Transport and the use of captured carbon

The captured CO2 will be transported via an 85-mile pipeline connecting the West Ranch Oil Field, located near Vanderbilt, Texas, to a reservoir for enhanced oil recovery (EOR). The oil field, which has been in production since 1938, is owned by the NRG-JX Nippon joint venture (50%) and Hilcorp Energy (50%).

EOR will be able to recover an estimated 60 billion barrels of oil from the field. The Petra Nova CCS project is expected to boost the field’s production from 500 barrels per day (bpd) to 15,000 bpd.

Carbon capture technology at the Petra Nova project

The Petra Nova CCS project uses a CO2 recovery technology called the KM-CDR Process, which was jointly developed by Mitsubishi Heavy Industries (MHI) and the Kansai Electric Power Company (KEPCO). The technology uses a proprietary amine solvent called KS-1, which is specially formulated for low cost and low energy-consuming CO2 absorption and desorption.

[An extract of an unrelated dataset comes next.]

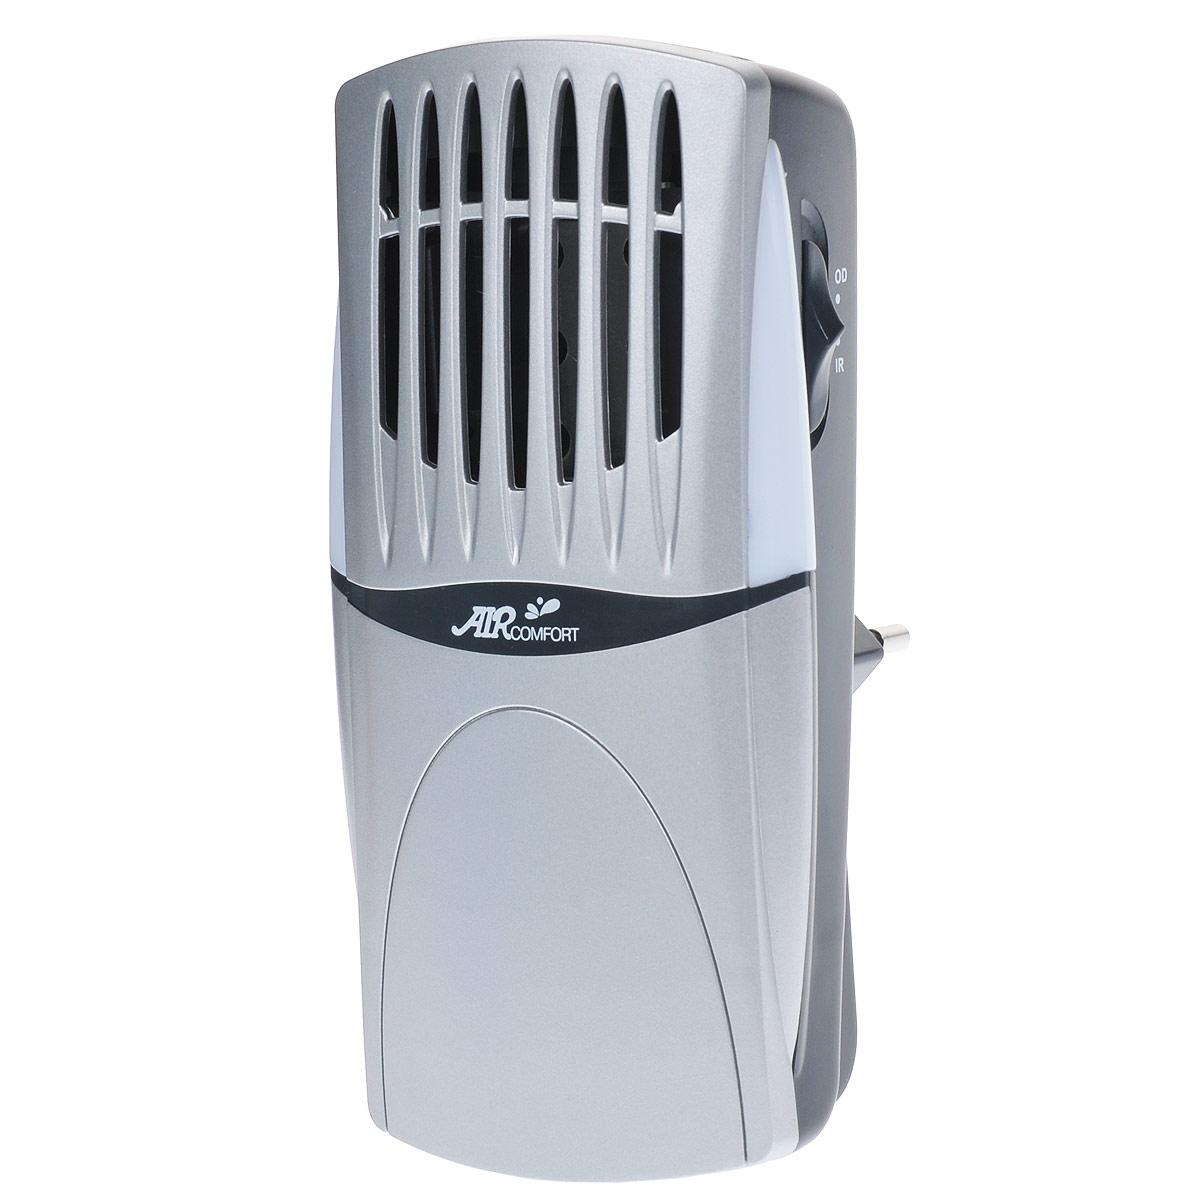 AirComfort GH-2160S воздухоочиститель00000000081AirComfort GH-2160S - идеальный освежитель воздуха и нейтрализатор запахов для ванных комнат, спален, гостиных, кладовых, стенных шкафов, лестничных клеток и других помещений небольшого размера. Электростатическая решетка задерживает самые мельчайшие загрязняющие частицы, содержащиеся в воздухе. Прибор имеет два режима работы: IR отрицательные ионы, OD активный кислород. Циркуляция чистого воздуха с запахом свежести обеспечивается электронным способом без движущихся деталей и шума. Чистый воздух несет с собой устойчивый поток очищающего озона, нейтрализующего запахи в самом начале их возникновения. Встроенный светодиод можно использовать в качестве ночного освещения. А беспроводной штепсель позволяет установить очиститель непосредственно в розетку. Образование отрицательных ионов: >=1х103/см3 Концентрация активного кислорода: < 0,05 ppm мг/м3

Financing for the CCS project

The US Department of Energy (DOE) is providing a grant of up to $167m for the WA Parish Carbon Capture project, the first commercial-scale post-combustion CCS project in the country, as part of its Clean Coal Power Initiative Program (CCPI), a cost-sharing collaborative programme between the federal government and private industry.

“EOR will be able to recover an estimated 60 billion barrels of oil from the field.”

The Japan Bank for International Cooperation (JBIC) and Mizuho Bank, backed by Nippon Export and Investment Insurance (NEXI), are providing loans worth $250m for the project.

The JV partners NRG and JX Nippon are contributing $300m each as equity investment for the project.

Contractors involved with Petra Nova Carbon Capture project

Mitsubishi Heavy Industries (MHI) and The Industrial Company (TIC) were awarded the engineering, procurement and construction (EPC) contract for the CO2 capture system and ancillary facilities of the Petro Nova CCS project in July 2014.

MHI will license carbon capture technology to Petra Nova CCS I through its wholly-owned subsidiary Mitsubishi Heavy Industries America (MHIA).